AI platforms can reduce the time and expense of innovation and therefore reduce the cost of failure. A reduced cost of failure means a vastly reduced cost and speed of iteration. The data from failures becomes grist for the AI mill to help it figure out how to succeed.
This all means that competitors – and invisible one-person startups you didn’t know were competitors – can be studying what your company is up to, determining what your likely next steps are, and using AI as their R&D engine, take away your future. And if those competitors have IP protection for their AI-assisted innovations, you’ll be legally blocked from competing with them.
Those are the threats. But the opportunity is similarly massive. A company should have better existing data about its market, its customers, its processes, its opportunities, and its technology than a new market entrant would. It also will have existing relationships with customers and a much better ability to sell new and innovative services to them than a new-entrant competitor would. The large company might even have long-term / exclusive contracts with its customers, which can in themselves be a significant barrier to entry to a newcomer.

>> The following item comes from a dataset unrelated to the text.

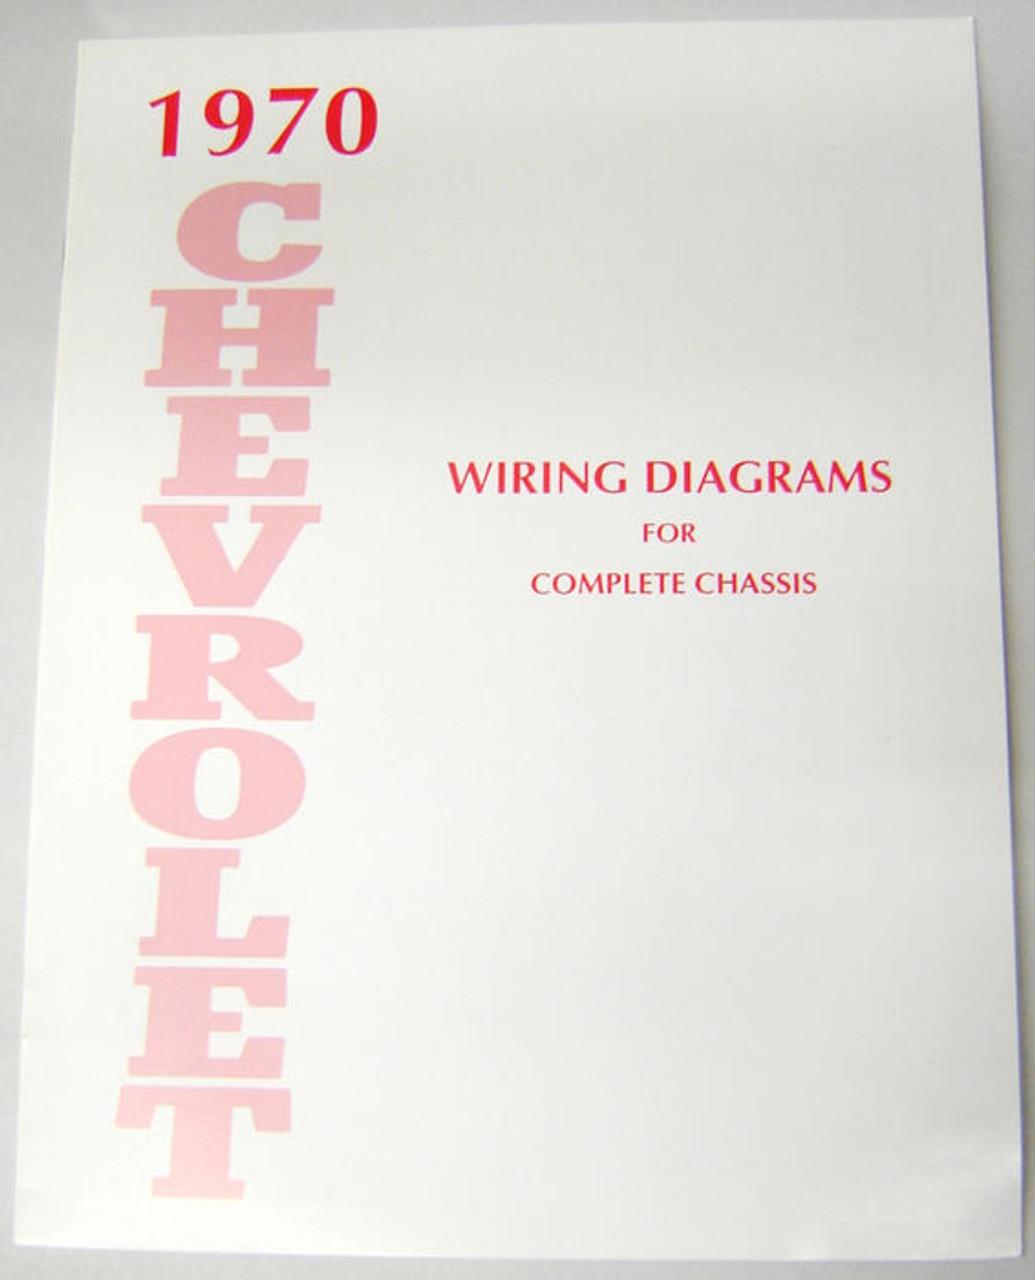 L1030_zpsdmo7usx7__14739.1443559727?c=2 70 chevy nova electrical wiring diagram manual 1970 i 5 classic 1972 chevy impala wiring diagram at edmiracle.co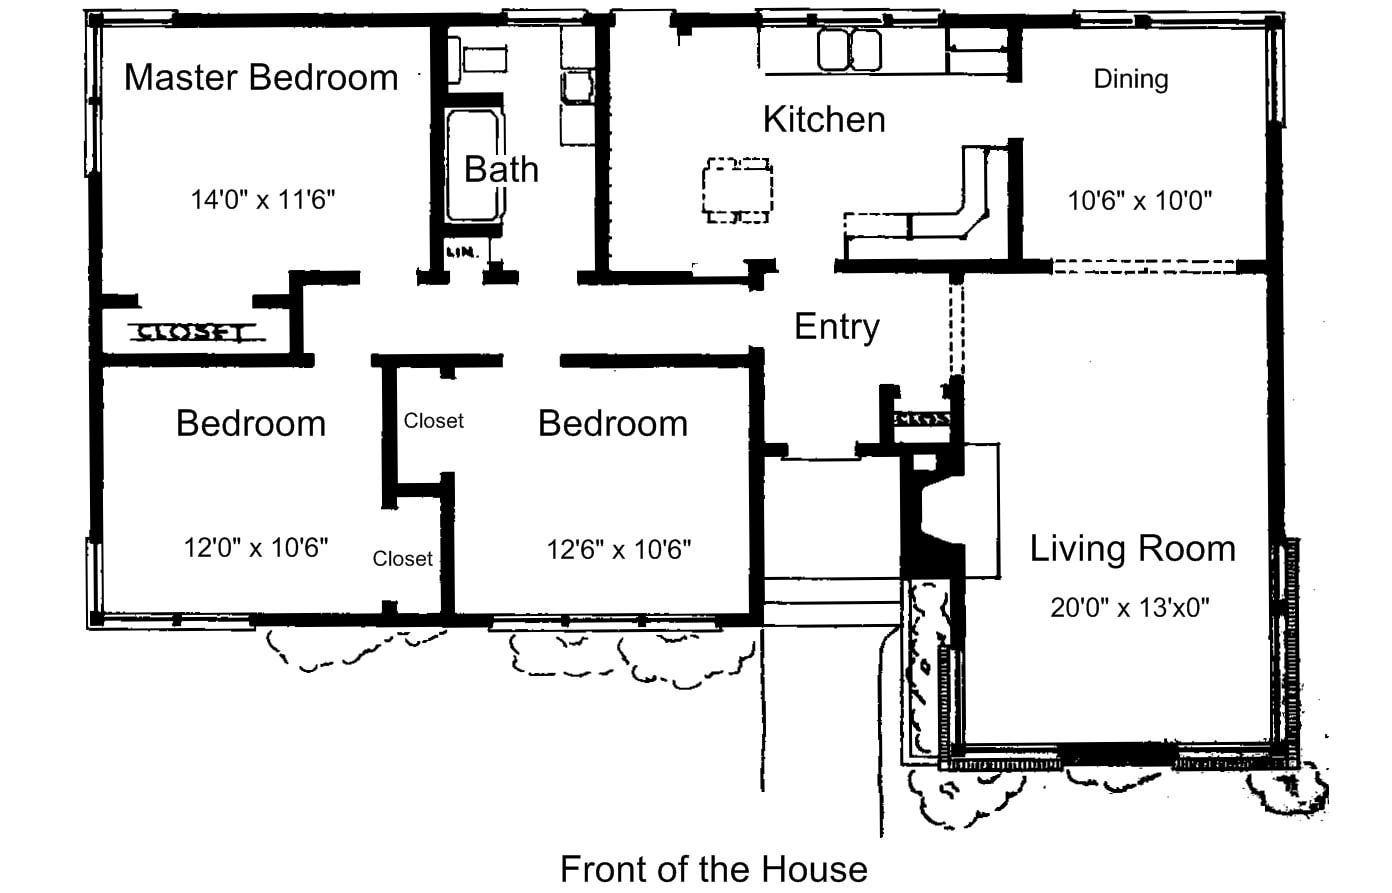 Stupendous 3 Bedroom Apartmenthouse Plans Cheap 3 Bedroom House Plans 3 Largest Home Design Picture Inspirations Pitcheantrous

Finally, a successful existing company should have greater scale and resources, and be able to put all those together through the magnifying and amplifying lens of AI, to get there first with something better.
AI is raising the bar for what’s patentable, as it in effect makes the way to do new things more obvious, and therefore potentially not protectable. So an existing market participant needs to leverage AI to maximize its inventive skills and help power it past that obviousness threshold.
The bar, in other words, is going up – but so is your leaping ability.
The practical and more specific implications for companies are that they need to accelerate the pace of their patent filings. Of course a patent attorney like me would say so – but it’s reality. We’ve got a first to file system in the U.S. and I fear smart innovators armed with AI will be jamming up the filing windows.
We’re entering a time of uncertain boundaries, changing legal frameworks, decreased friction and increased competition.
The acceleration in the business world from AI has only barely begun – but watch as these jets kick in. The economic G-forces will be remarkable. Don’t sit on the sidelines while others fly the plane.